(Task item): Go through the listing and set it down exactly, leaving out its pictures.

(Information provided):
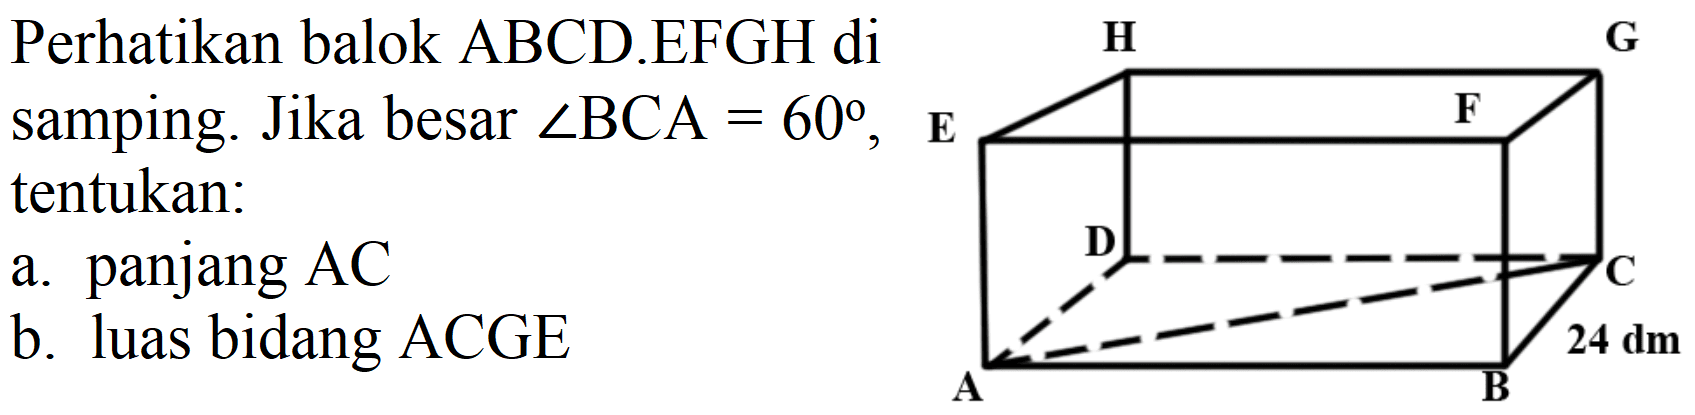 Perhatikan balok ABCD.EFGH di samping. Jika besar  sudut B C A=60 , E tentukan:
a. panjang  AC 
b. luas bidang ACGE

(Exercise answer):
 Perhatikan balok ABCD.EFGH di samping. Jika besar  sudut B C A=60 , E tentukan:
a. panjang  AC 
b. luas bidang ACGE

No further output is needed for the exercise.